The team also investigated a faint neighboring star that appeared to be in close proximity to TOI 451 in the TESS images. Using data from the ESA’s Gaia Observatory, Newton’s team determined that this star may actually be a binary system of two M-type (red dwarf) stars that’s a gravitationally-bound companion to TOI 451. As Prof. Newton explained in a recent NASA press release:
“This system checks a lot of boxes for astronomers. It’s only 120 million years old and just 400 light-years away, allowing detailed observations of this young planetary system. And because there are three planets between two and four times Earth’s size, they make especially promising targets for testing theories about how planetary atmospheres evolve.”
The innermost of these planets (TOI 451 b) is about 1.9 times Earth’s size, 2 to 12 times its mass, and has an orbital period of 1.9 days. TOI 451 c is about three times the size of Earth, 16 times as massive, and has an orbital period of 9.2 days. The outermost planet (TOI 451 d) is four times the size of Earth, 4 to 19 times as massive, and has an orbital period of 16 days. Temperature estimates range from about 1,200 °C (2,200 °F) for b to about 450 °C (840 °F) for d.
Along with its relative proximity to Earth, these results indicate that TOI 451 and other stars in the Pisces-Eridanus stream are likely to be excellent candidates for study. Particularly, the young age of these stars means that they could reveal a great deal about the formation and evolution of stars and planets. As Jessie Christiansen, a co-author of the paper and the deputy science lead at the NASA Exoplanet Archive, explained:
“Thanks to TESS’s nearly all-sky coverage, measurements that could support a search for planets orbiting members of this stream were already available to us when the stream was identified. TESS data will continue to allow us to push the limits of what we know about exoplanets and their systems for years to come.”

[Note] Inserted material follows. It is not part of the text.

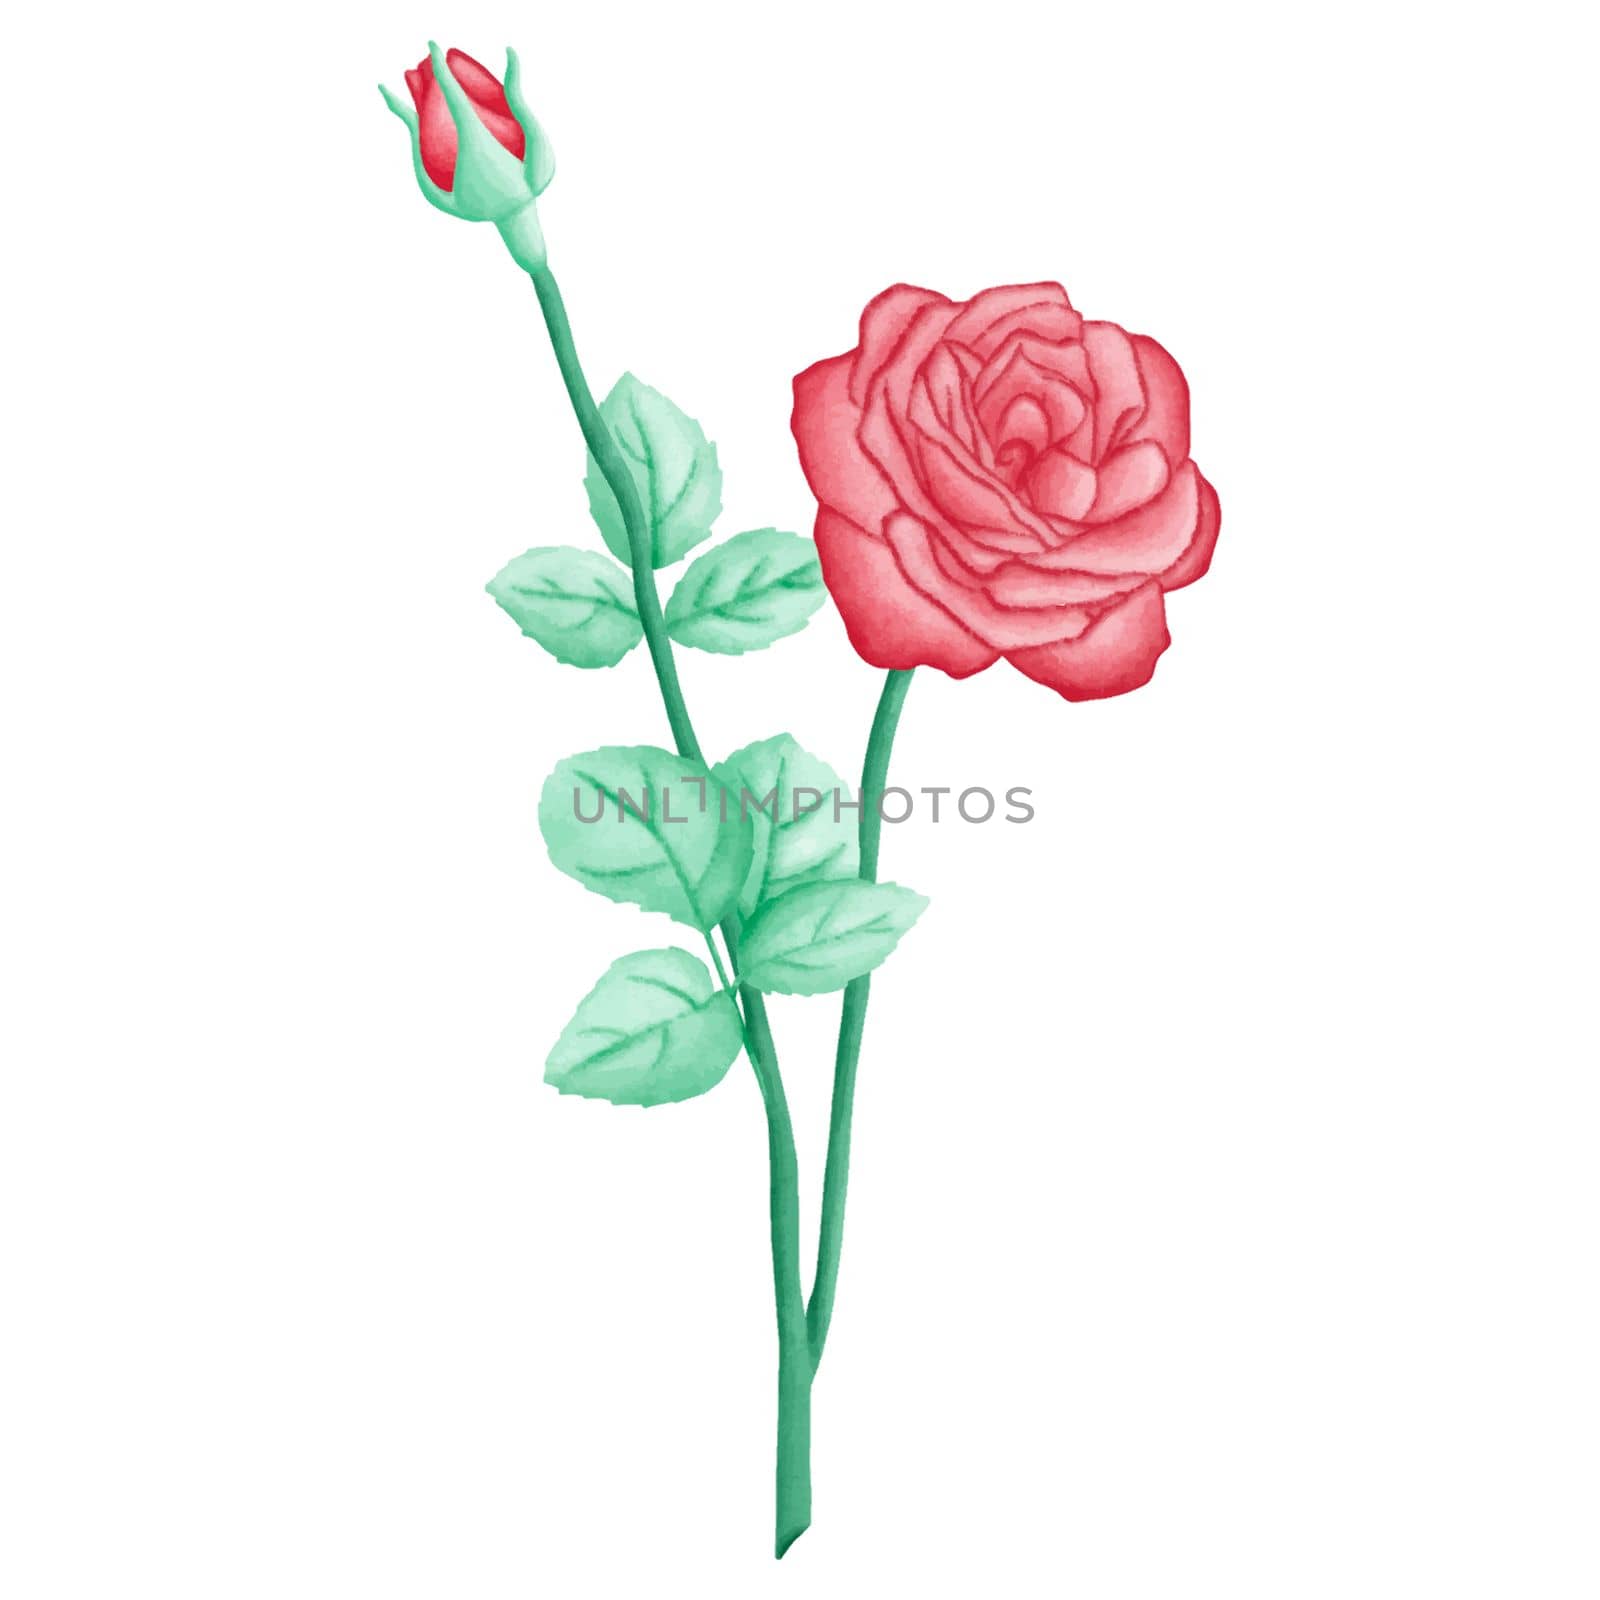 Red Roses Flowers Romantic Watercolor Clipart PNG. Paris In Love collection with lovely love roses flowers for romantic design element, love art, wedding watercolor illustration.

Like its predecessor, TESS searches for exoplanets by examining thousands of stars in a field and looking for periodic dips in brightness. These are indications of transits, where planets pass in front of the face of a star (relative to the observer). Under the right conditions, light passing through an exoplanet’s atmosphere will allow astronomers to obtain spectra, which can be used to determine an atmosphere’s composition.
Given how massive they are, astronomers expect that TOI 451s planets will retain much of their atmospheres as they evolve – in spite of the intense heat they are exposed to. This means that future observations with next-generation telescopes could reveal what these atmospheres are composed of, providing vital clues as to how atmospheres evolve over time.
Said Elisa Quintana, an astrophysicist at NASA’s Goddard Space Flight Center:
“By measuring starlight penetrating a planet’s atmosphere at different wavelengths, we can infer its chemical composition and the presence of clouds or high-altitude hazes. TOI 451’s planets offer excellent targets for such studies with Hubble and the upcoming James Webb Space Telescope.”
At the time of this article’s writing, a total of 4,352 exoplanets have been confirmed in 3,221 systems while a further 5,765 candidates await confirmation. Many of these planets orbit stars much like our own and more than a few are considered to be “potentially-habitable.” These are considered good candidates for follow-up observations once the James Webb and the Nancy Grace Roman space telescopes take to space.
While TOI 451’s planets are not likely to be habitable, follow-up observations are likely to tell us a great deal about how planets evolve, which could help us narrow the search.